A Hospital in Belfast Is a World Leader in Kneecap Reconstruction
God knows, there have been many a kneecap that has had to have been reconstructed in Northern Ireland over the last few decades. (Shooting people in the kneecaps was a favored way for Republican and loyalist paramilitaries to control their own neighborhoods.) During the Troubles, the Royal Victoria Hospital in Belfast had one of the top trauma units in Europe. At one point as many as 100 victims of "limb executions" were being treated by the hospital every year, whose advances included external "limb scaffolding" that enables partial healing for bone damage too severe for reconstruction.
Ireland Has the Fourth Largest Stadium in Europe
Dublin's Croke Park, the headquarters of the Gaelic Athletic Association, is the fourth largest stadium in Europe: since its redevelopment in 2005, and with a capacity of 82,300, only four venues in Europe are bigger: Barcelona's Camp Nou, Madrid's Santiago Bernabeu, Milan's Stadio San Siro and London's Wembley. Up until 2007, rugby and soccer were not allowed to be played in Croke park by the GAA, a rule that was relaxed when the main soccer and rugby stadium, Landsdown Road, was closed for renovation.

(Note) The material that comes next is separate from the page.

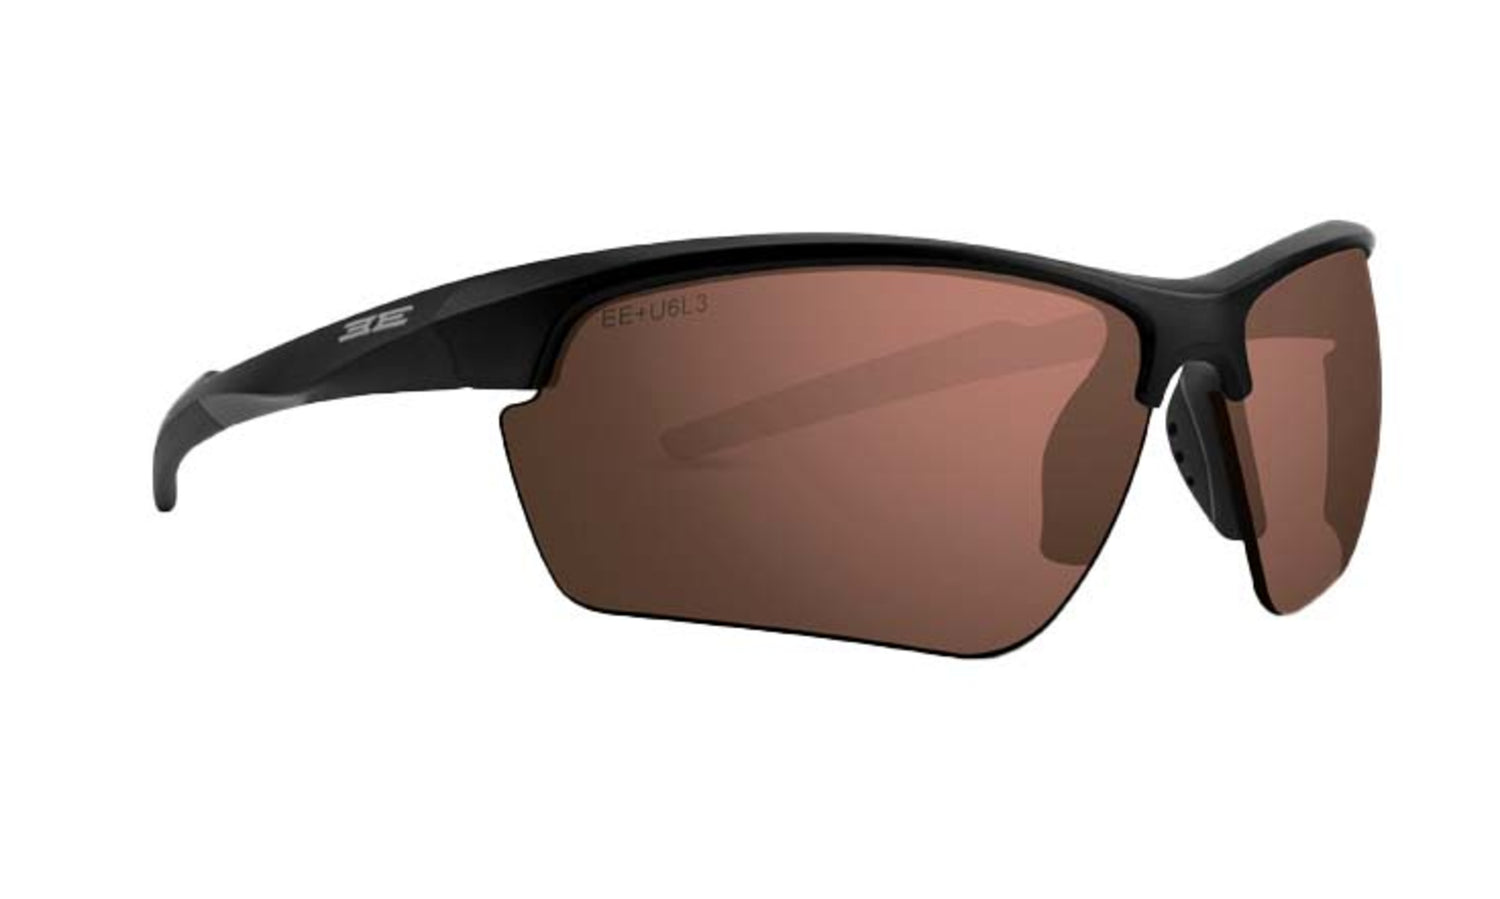 A pair of Kennedy Sport Wrap Sunglasses with lightweight frame and UVA/UVB protection.

In the Summer of 2007, It Rained in Ireland for 40 Days Straight
Even by Irish standards, this was a very, very wet summer. By August 24, it had rained in Ireland for 40 days -- fulfilling an Irish proverb that says if it should rain on St. Swithin's day (July 15), it will continue to rain every day for the next 40. Usually, an Irish summer will give at least a few weeks of sunshine and a break from the rain -- at which time the feel good factor in the country goes sky high, for the sheer novelty value of sunshine. But not so, the summer of '07.
Playboy Was Banned in Ireland Until 1995
More Guinness Is Sold in Nigeria Than in Ireland
That's right: Ireland is the third largest market for Guinness. Nigeria is at second, and the U.K. is the first.